When scarcity is the dominant economic model, accumulation of capital is the priority: This is the status quo for now. Within our current model the most successful tool ever invented to accumulate and deploy capital is the joint stock company. And joint stock companies, and corporations, represent most of the private sector. But what happens if capital is not scarce anymore? Do we need corporations or should we be looking for something different and better?
There are not many things that will always be scarce, but human attention is at the top of the list. Decentralized autonomous organizations (DAO) and co-operatives might be much better vehicles for accumulating attention and engagement. In DAOs, co-operatives and staking systems, critical decisions are made by the members for the benefit of the members, and the rewards for engagement flow back to the members in proportion to their engagement and in alignment with their constructive participation.
Paul Brody is EY’s global blockchain leader and a CoinDesk columnist.
There has been much discussion about the shortage of clear, positive rules that would pave the way for the crypto ecosystem to return to growth. These are essential to bringing in good actors. We do not need a lot of new rules about what isn’t allowed because nearly all the bad things that happened in 2022 were already illegal. Borrowing customer deposits without consent? Not legal. Pumping and dumping tokens? Not legal. Borrowing multiple times against the same asset? Not legal.
The good news is that there already exists a legal framework and organization structure that DAOs can use to establish their real-world credentials: the co-operative. co-operatives (co-ops) have been around for a long time. And while the traditional corporate sector is about five to seven times larger, the world’s top 300 co-ops still represent more than a trillion dollars in revenue combined.
DAOs and co-ops counter predatory digital monopolies
Co-ops are member-owned and, unlike corporations, key decisions are made on a one-member, one-vote system. Profits are distributed to members based on participation, however, so those contributing the most also earn the biggest benefits.
Co-ops fix what I see as the single biggest problem in the Web 2.0 era: the creation of so-called predatory digital monopolies. The story of many Web 2 businesses goes like this: Clever entrepreneur comes up with an application that connects buyers and sellers in a digital marketplace. They invest heavily and for years in developing the digital infrastructure that coordinates information, products and payments across an ecosystem. They invest in sophisticated analytics, reputation management systems and community engagement growth.
All those things are good. And no one can deny that enormous investments have been required to build the infrastructure that makes everything from online auctions to ridesharing to consumer shopping into frictionless digital experiences. The problems come with success because these systems resemble natural monopolies. As they become dominant, they start to raise prices and slowly but surely shift from adding value to an ecosystem to extracting value from that ecosystem.
Now imagine if all these big companies were co-ops instead of corporations.
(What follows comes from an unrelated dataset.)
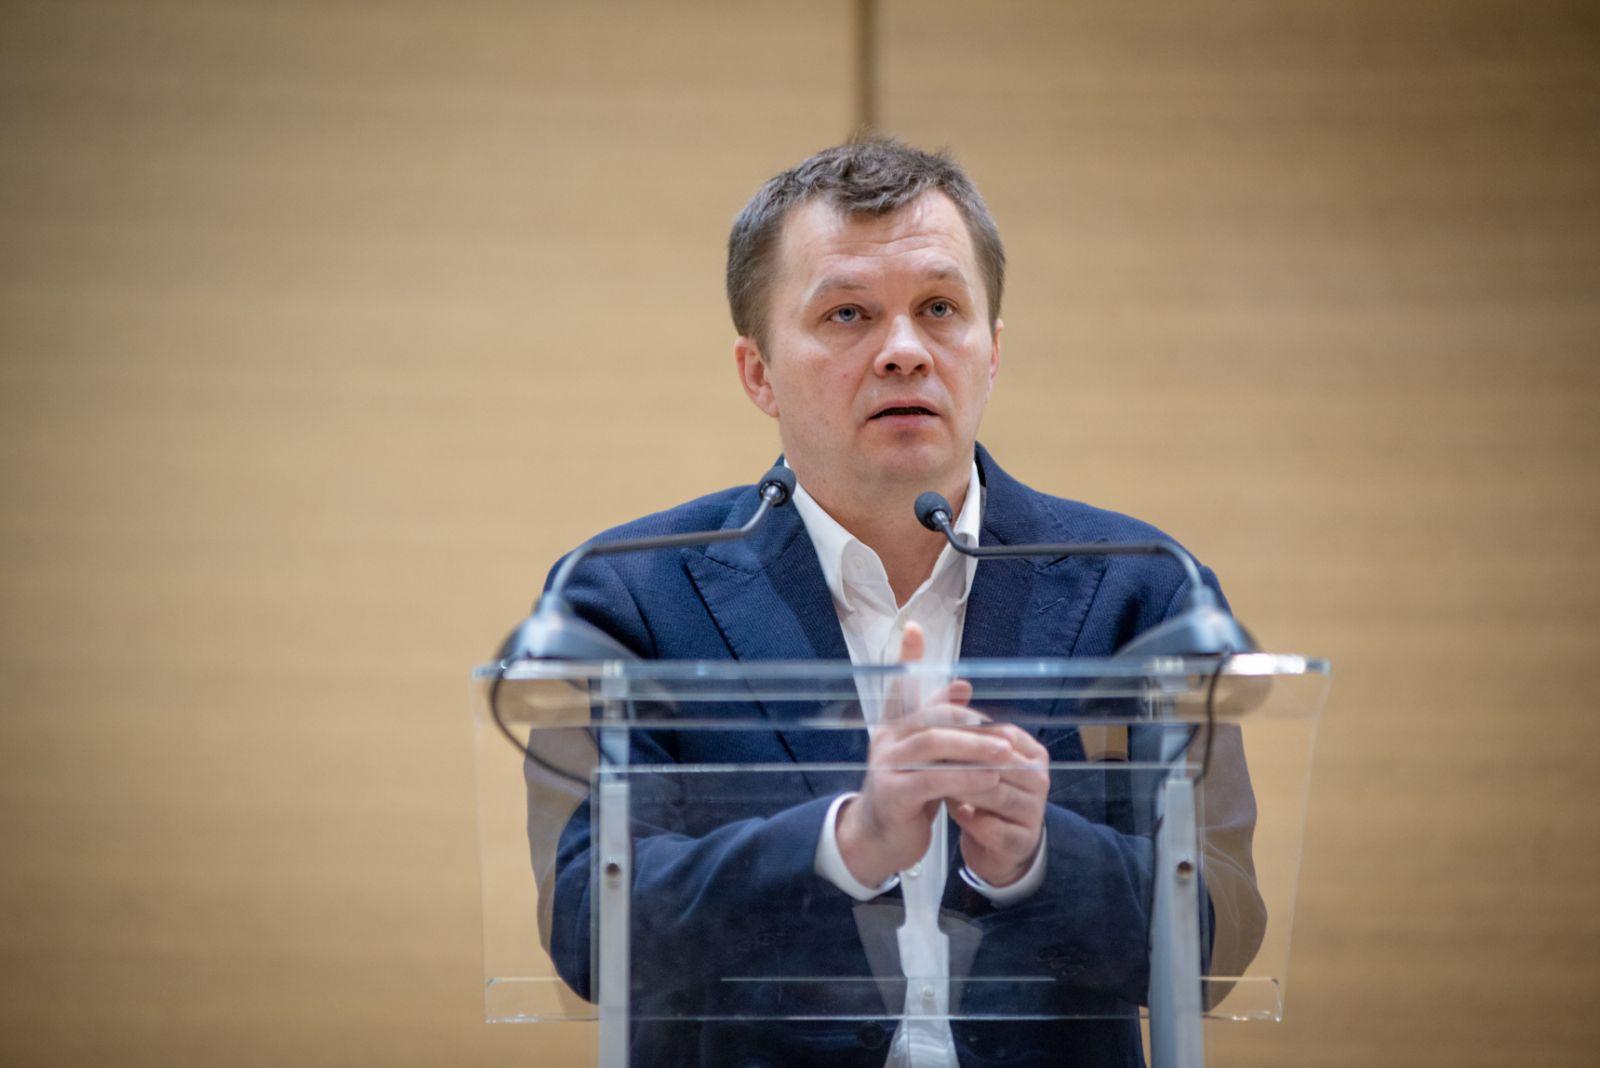 Милованов обрадовал: Зарплата украинцев в 2020 году может вырасти на 10%

Imagine if, having paid back the initial investments with a good return, these co-operatives started distributing back the excess profits to the network participants.
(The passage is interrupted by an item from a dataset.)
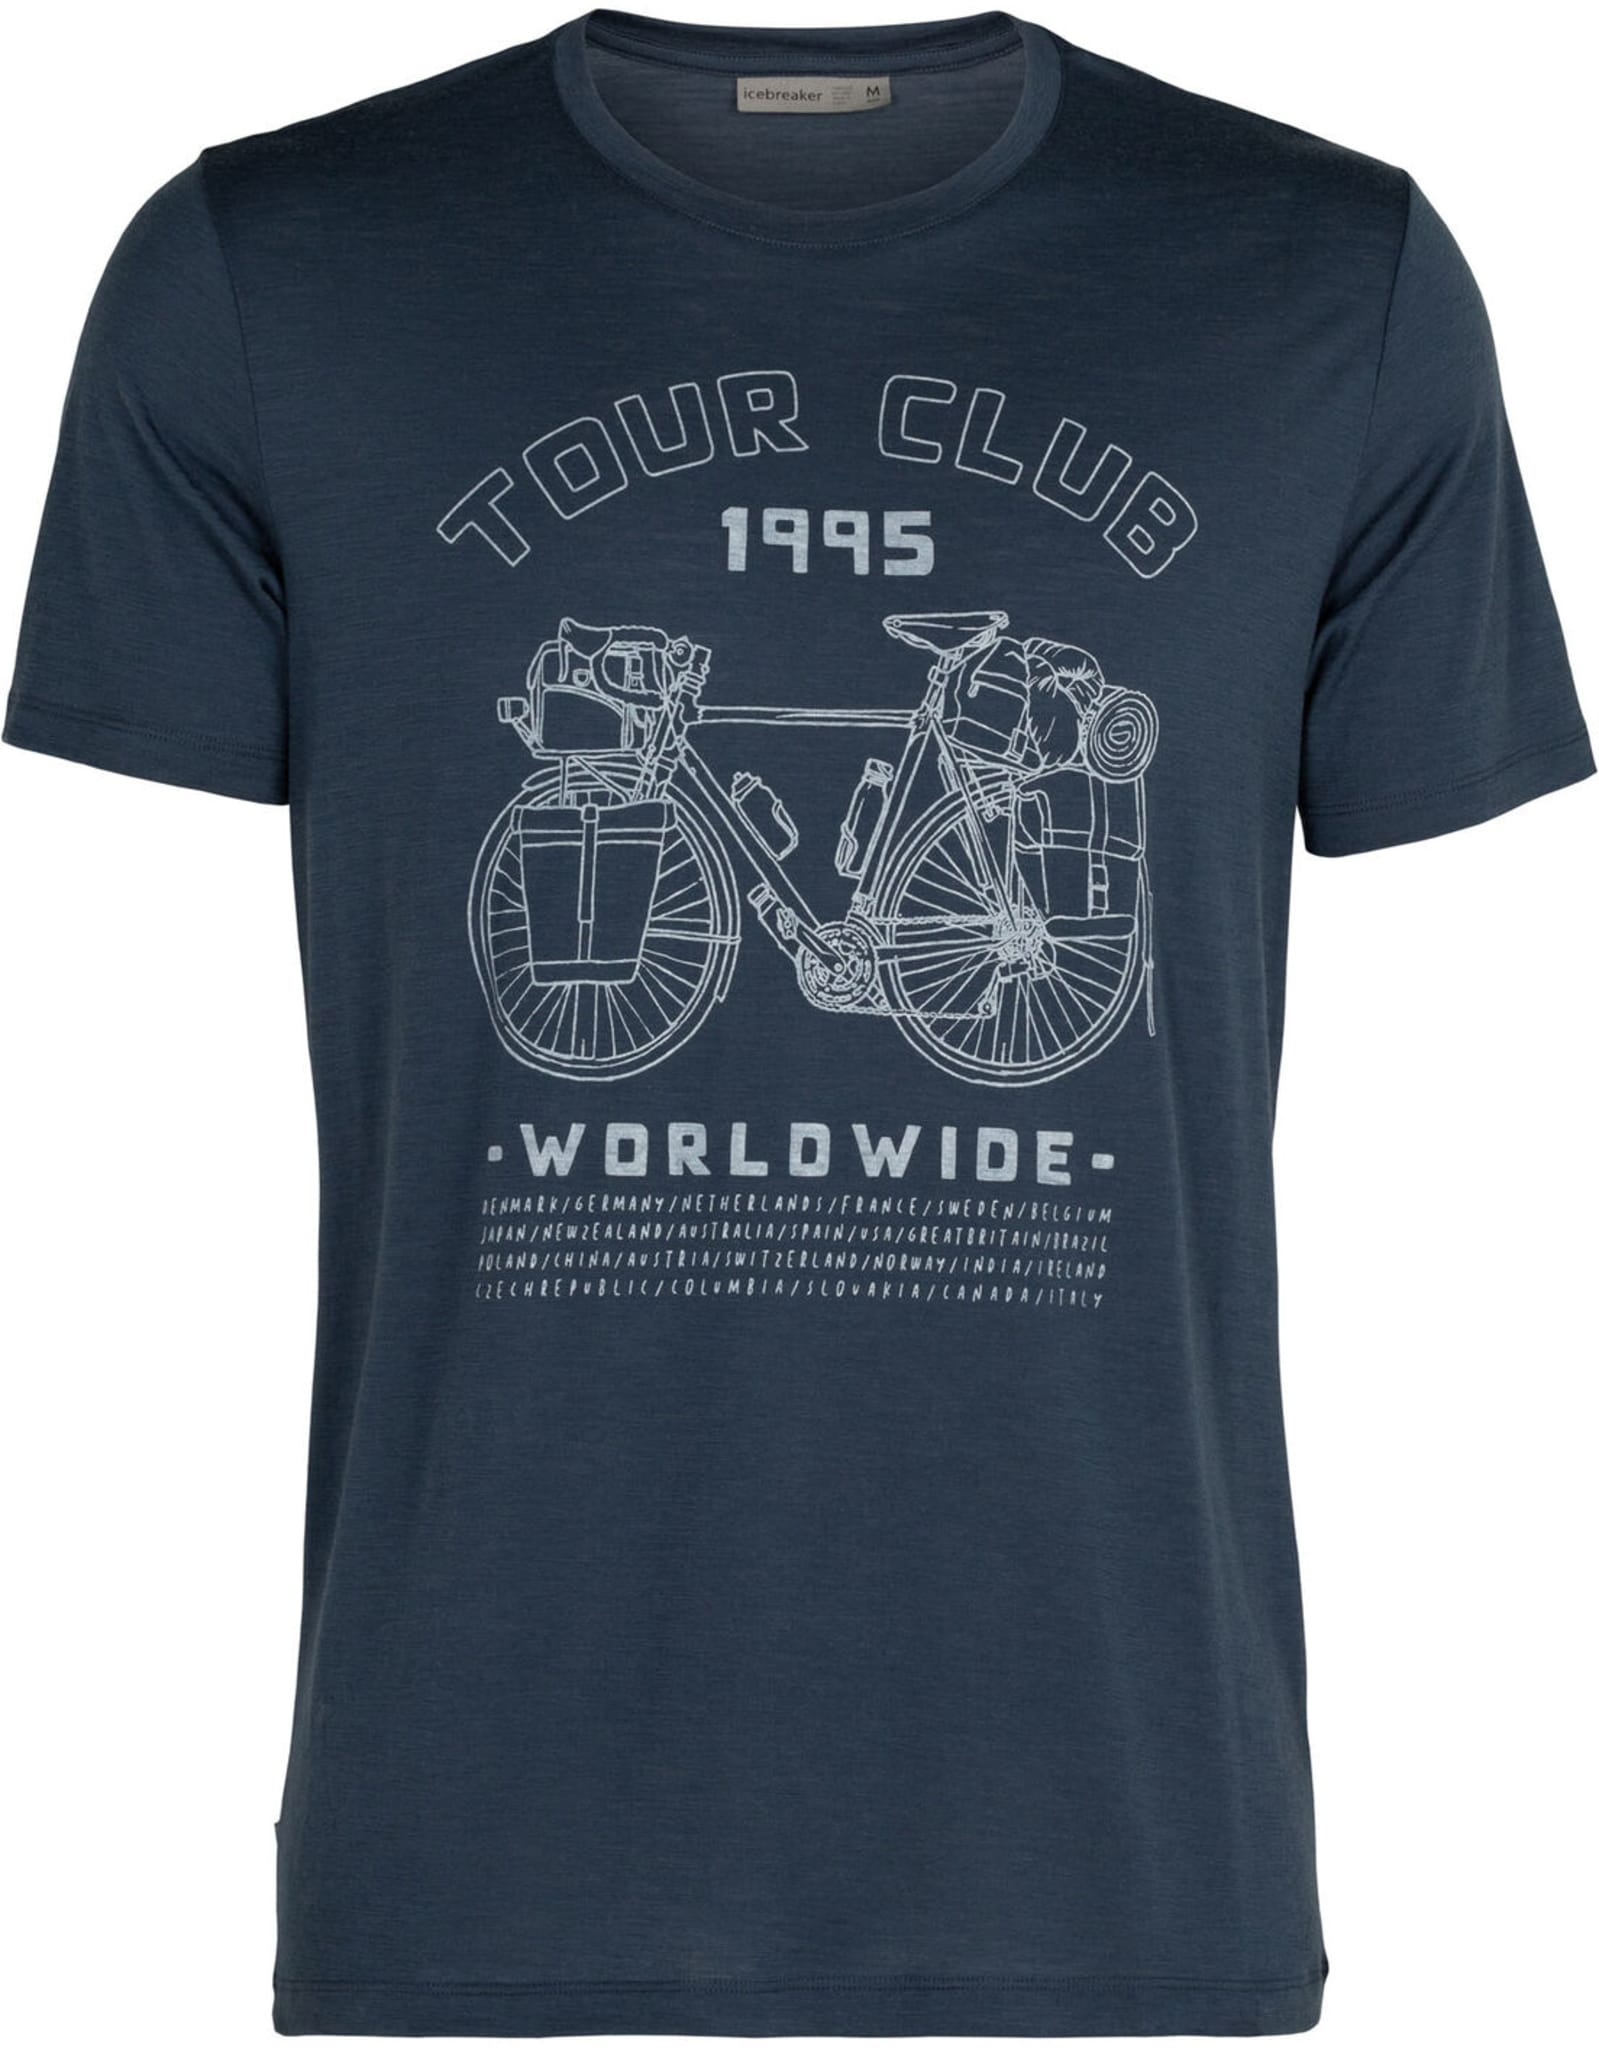 Allsidig og behagelig t-skjorte i merinoull fra Icebreaker.

This sounds great, but if there is a defect in the vision of future abundance it is that we are always approaching this end state, never arriving. Some things, like real estate and human attention, will probably never be unlimited. A marginal cost of zero is not the same as an average cost of zero. Interest rates at zero do not mean that you can walk into a bank and walk out with a pile of money for any reason in any amount. Good ideas will still need teams and investors and customers and profits.
The good news is that co-operatives may be a very good fit here. A recent white paper by law firm Orrick, Herrington & Sutcliffe explores if co-ops are an ideal legal model for DAOs, and it also outlines how co-ops can work with for-profit enterprises to accumulate capital and provide investors with exits. Co-operatives can buy shares and even wholly own for-profit enterprises. They can also sell those shares to give for-profit investors an exit without leaving them in near complete control of a digital ecosystem while alleviating pressure to perpetually extract more value from a community.
From B Corporations to co-ops to DAOs, the future of the enterprise is the future of harnessing the power of communities, accumulating attention and engagement, and putting that to work for the public good. We need more policies and systems that make that possible.